----- Exercise data -----
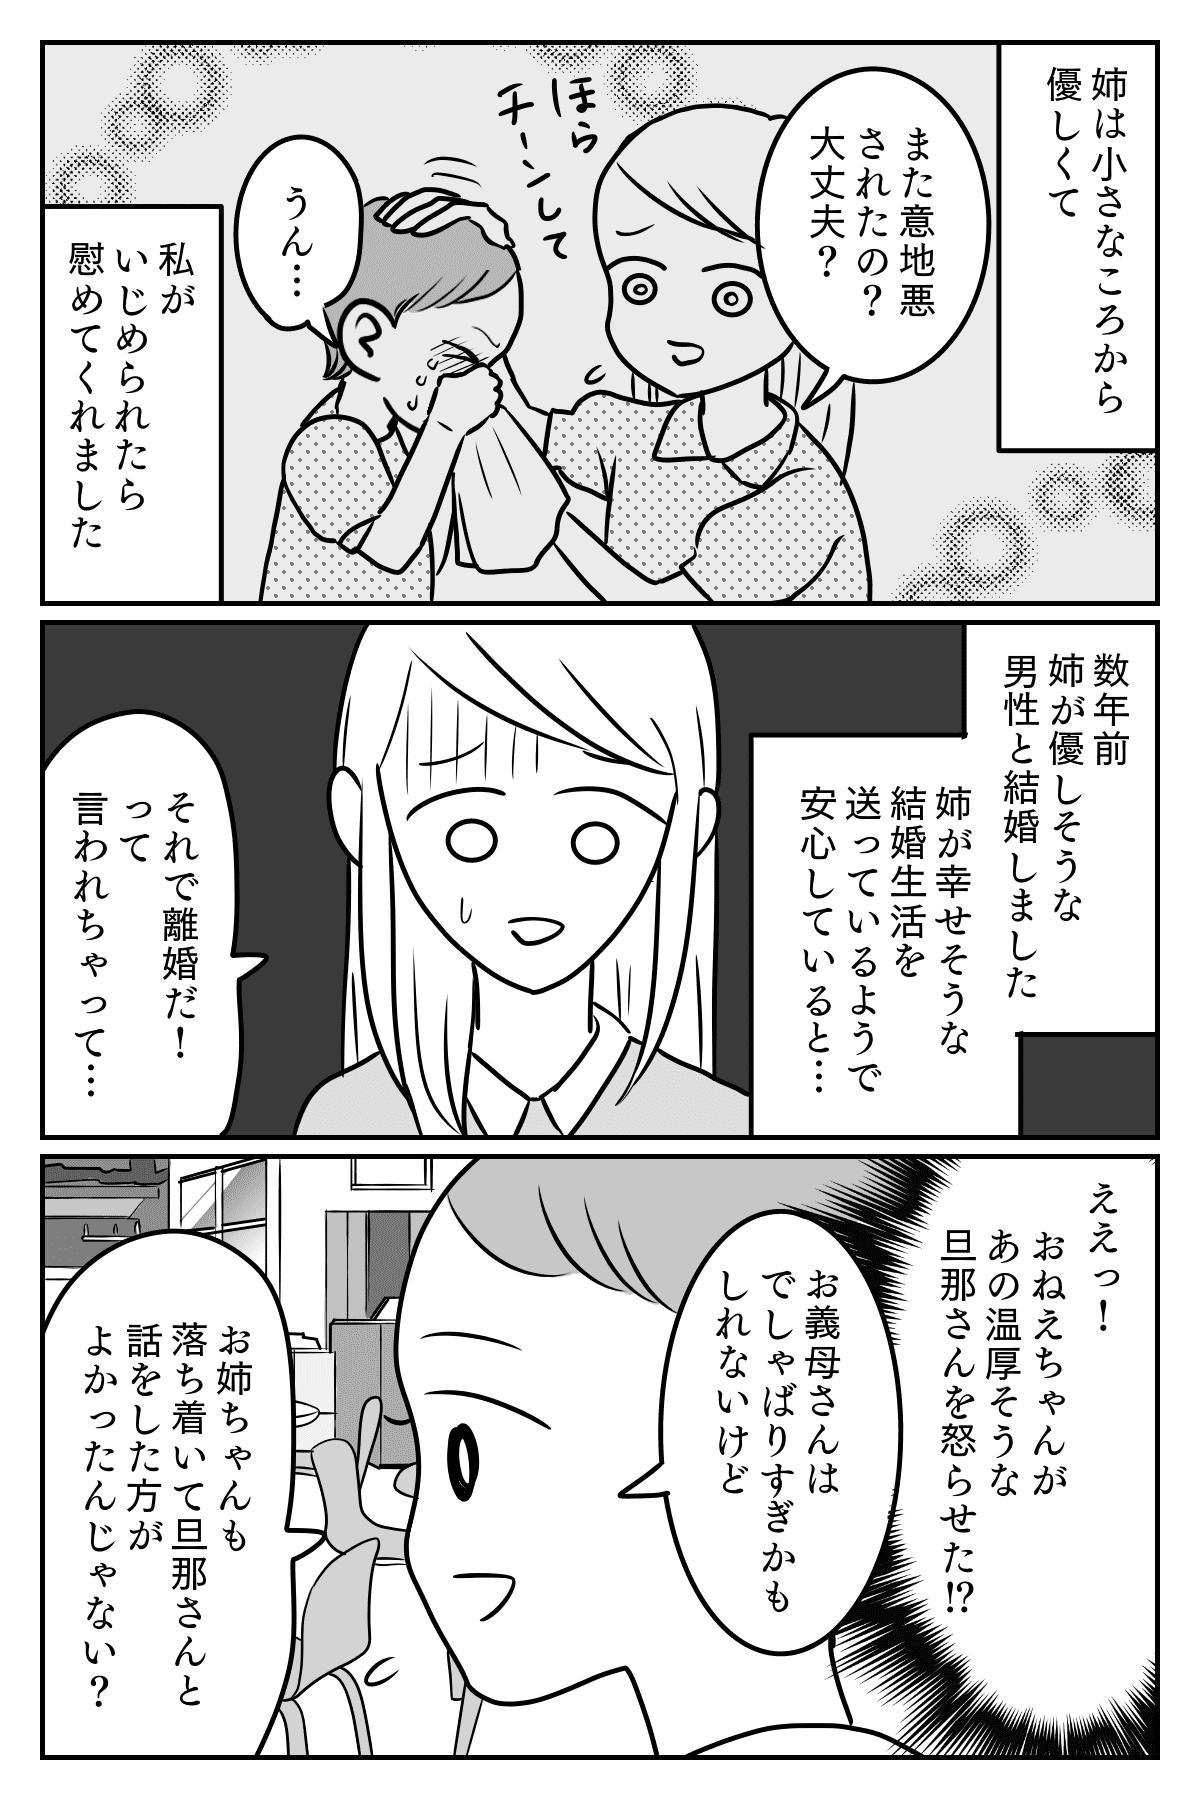 耳鼻科5-1
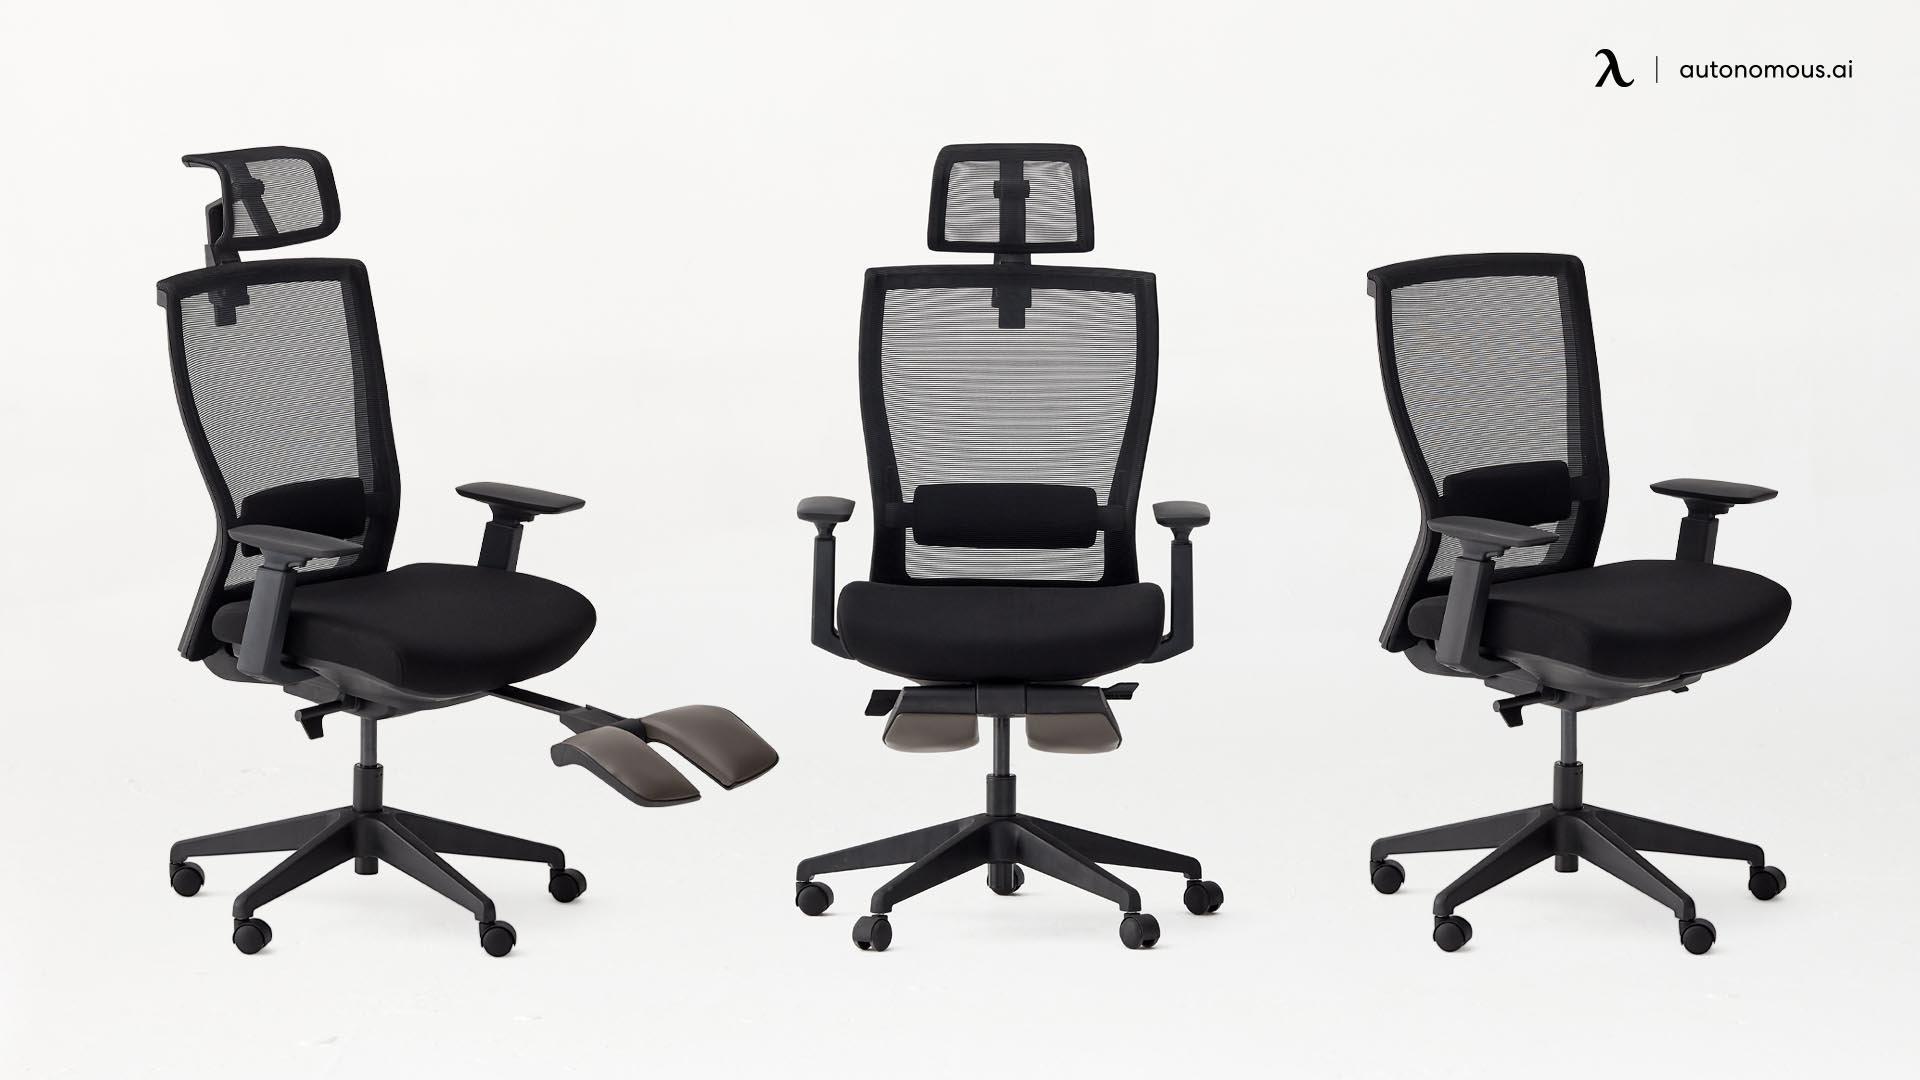 ErgoChair Core by Autonomous small space desk chair
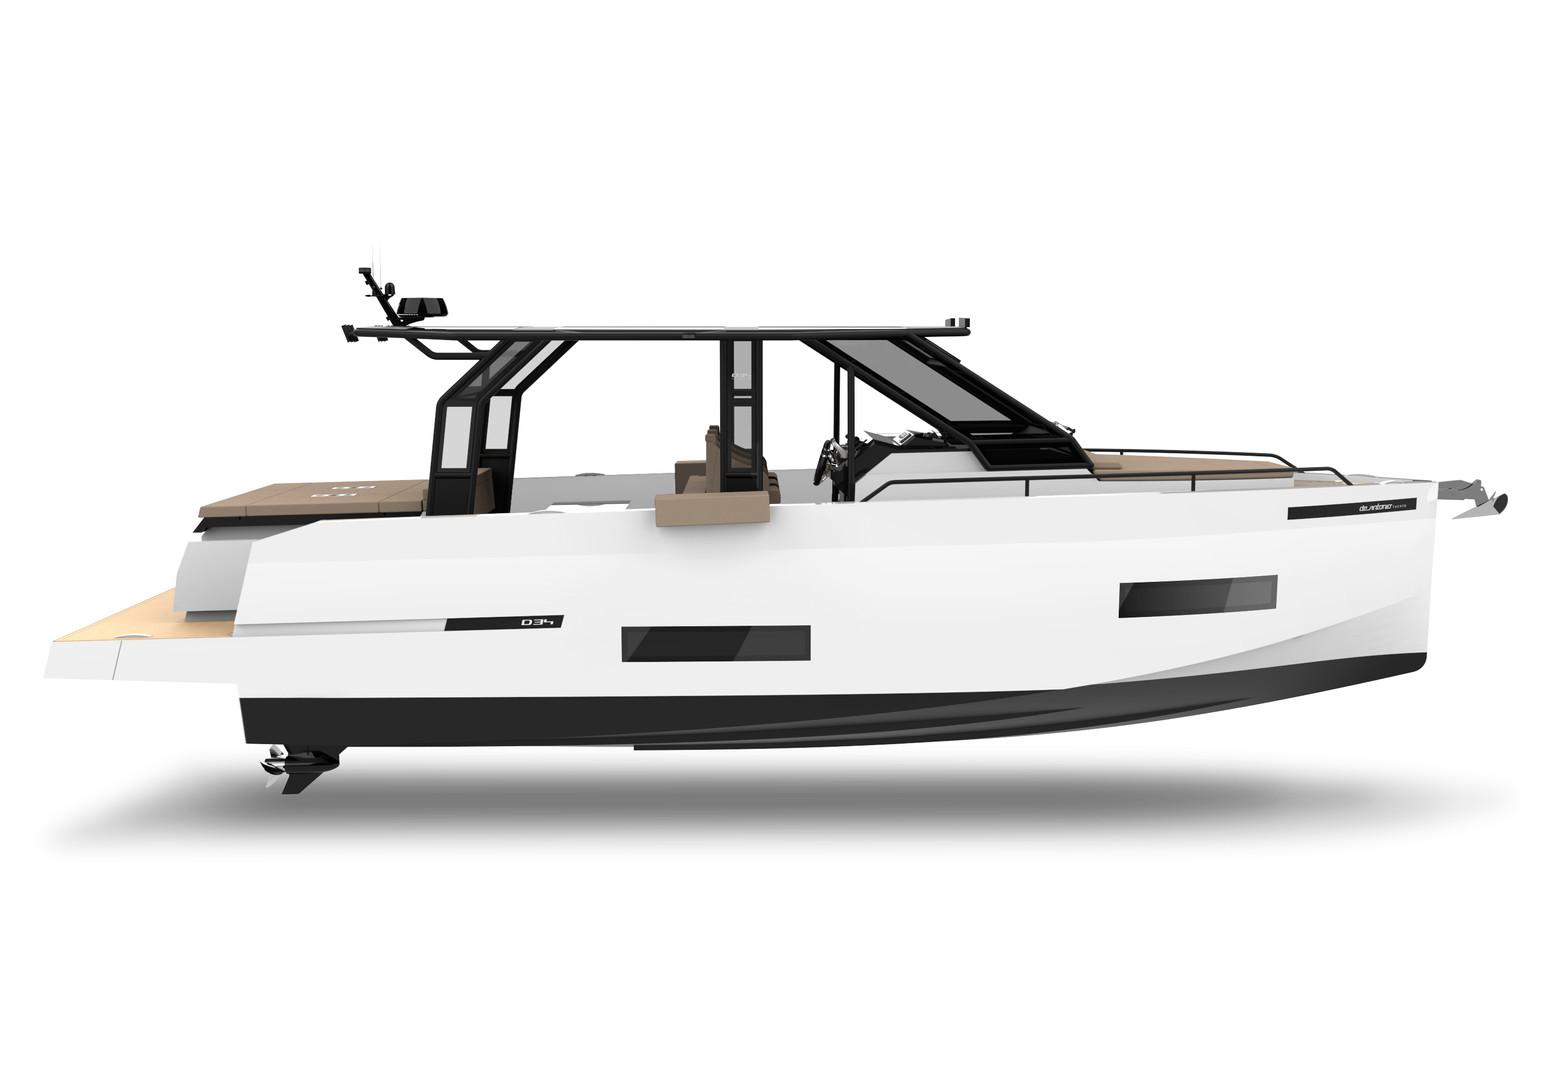 De Antonio Yachts_D34 Xplorer-C_Side vie
-----
Work to complete
The expected output is the material above, repeated exactly and free of pictures.

Answer box
 耳鼻科5-1
 ErgoChair Core by Autonomous small space desk chair
 De Antonio Yachts_D34 Xplorer-C_Side vie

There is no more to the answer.